Consistent choices create habits. Habits are what make us successful or unsuccessful. To address the issue of driver safety and build a safer fleet, the first step is to consistently choose to hire people we can trust to make good decisions. This is, of course, not an easy endeavor. However, it is also not a difficult one. What it is, frankly, is a process. Building a process that guides you in vetting your potential drivers will ultimately be your roadmap to establishing a fleet of drivers that gives you time, as opposed to one that takes time from you. Once the process is set, if you consistently make the choice to follow it, you will be much more likely to hire good, safe drivers. There is not one hiring/training process that works for everyone. It is important to understand your business and its needs and tailor your process after them. Ensure that your process is fair and unbiased, ensure there are checks and balances, and ensure that it is thorough. However, the most important thing is that once you inject a new driver into your culture that you are confident that they will consistently make good, safe choices.

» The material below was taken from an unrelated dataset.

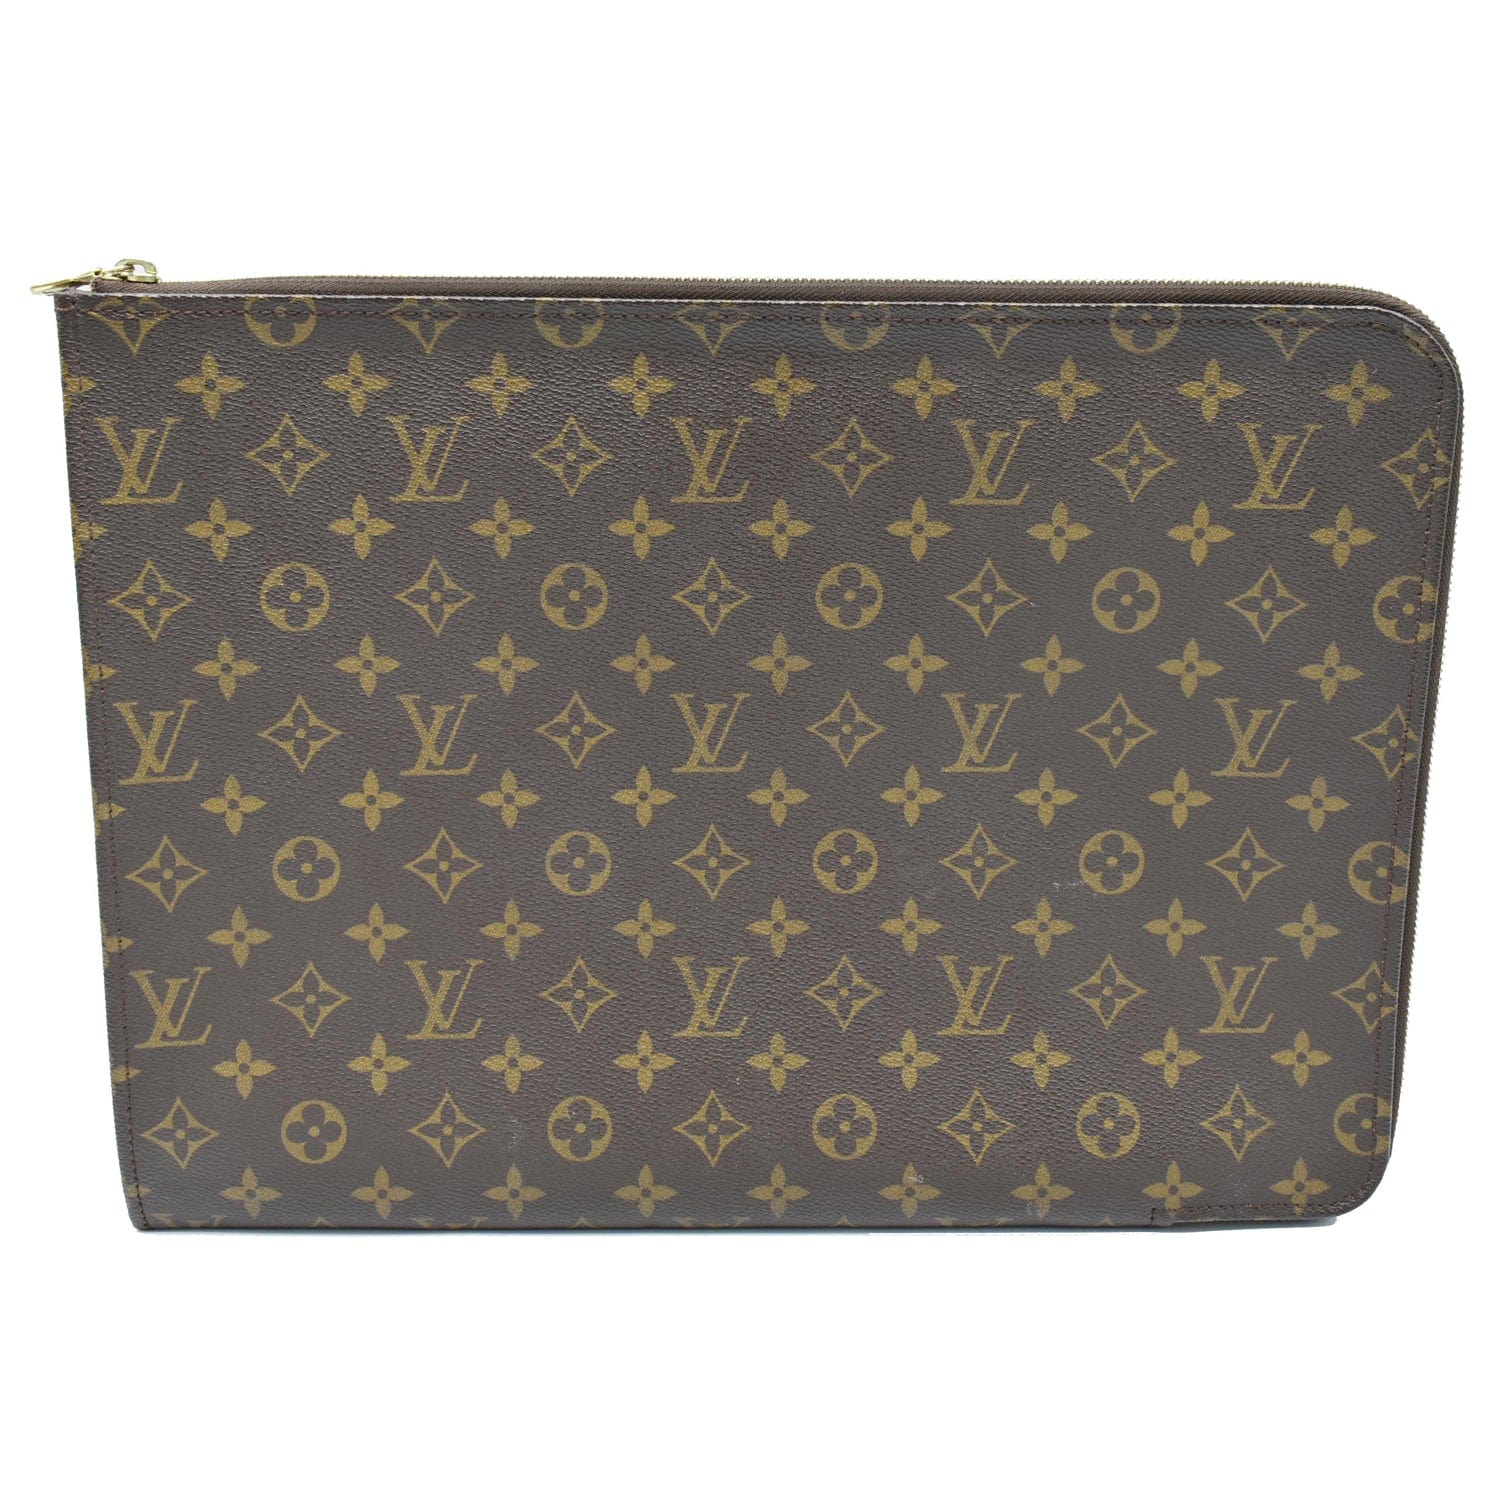 Louis Vuitton Portfolio bag  Cheap louis vuitton handbags, Louis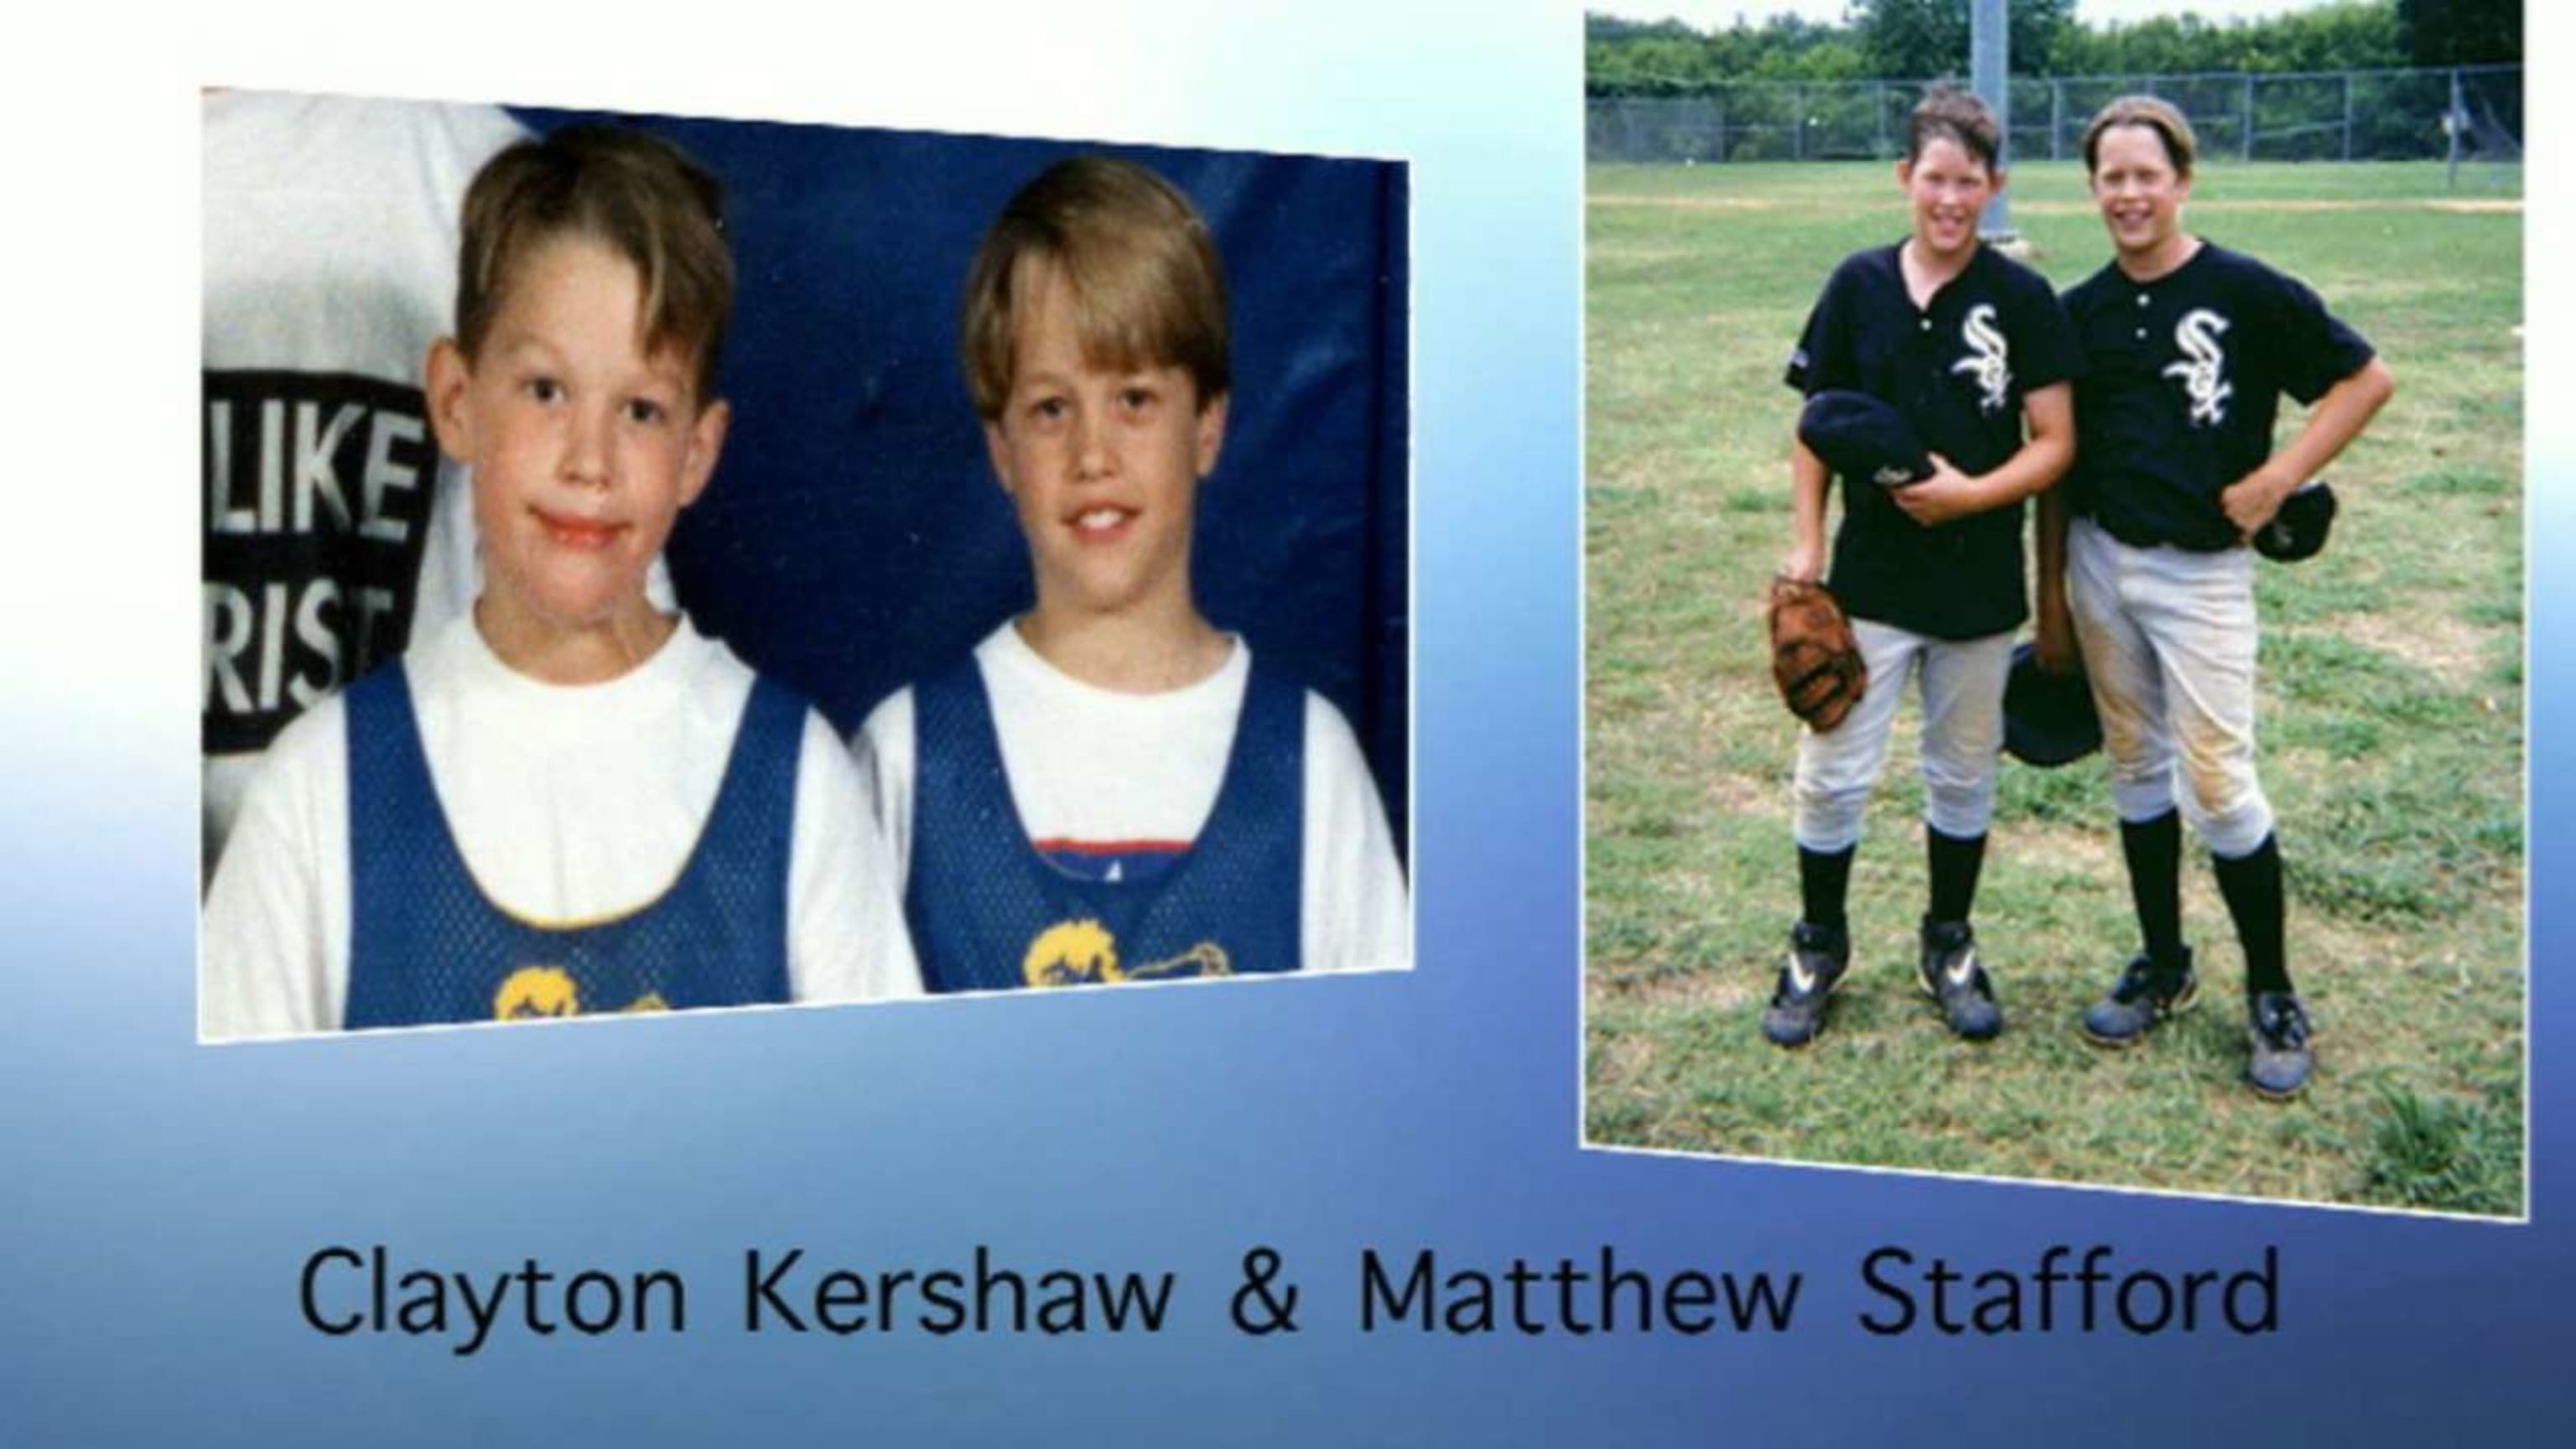 Clayton Kershaw and Matthew Stafford: The Wonder Years

This, also, cannot be a guessing game on the driver’s end. You must train your new drivers. A large part of this training must be communicating to them a clear standard as well as the habits, methods, and behaviors you want them to adopt while you employ them, and they represent your brand. We must do our part as the employer and continuously guide them. Simply hiring them and sending them off on their own because we trust they are a good hire is like not following your shot in basketball. Just because you practiced your shot for hours doesn’t mean every shot you take is going to go in. But if you follow your shot you can have a chance at the rebound, if it misses, and still get the point. The only additional cost to follow up is effort. However, follow up is essential to keep the train you set in motion, on track. The most difficult aspect, indeed, is setting it in motion, however constant tracking and monitoring is vital to its sustainability.
We must be realistic and understanding when looking at the issue of driver safety and attempting to build a safer fleet. Nothing we do will eliminate the risk of accident or injury. However, there is certainly a clear way to significantly reduce this risk. One of the first steps in any approach to this issue should always be to take a hard look at who you’re allowing to drive your vehicles. Every additional driver you put on the road to operate one of your vehicles should be offering you more freedom to run your business, not taking away from that freedom. To receive that payoff, you must put the work in on the front end, so that it doesn’t take away from your efforts on the back end.
Mike DeAngelo is the Safety & Compliance Manager for Vestal Asphalt, Inc.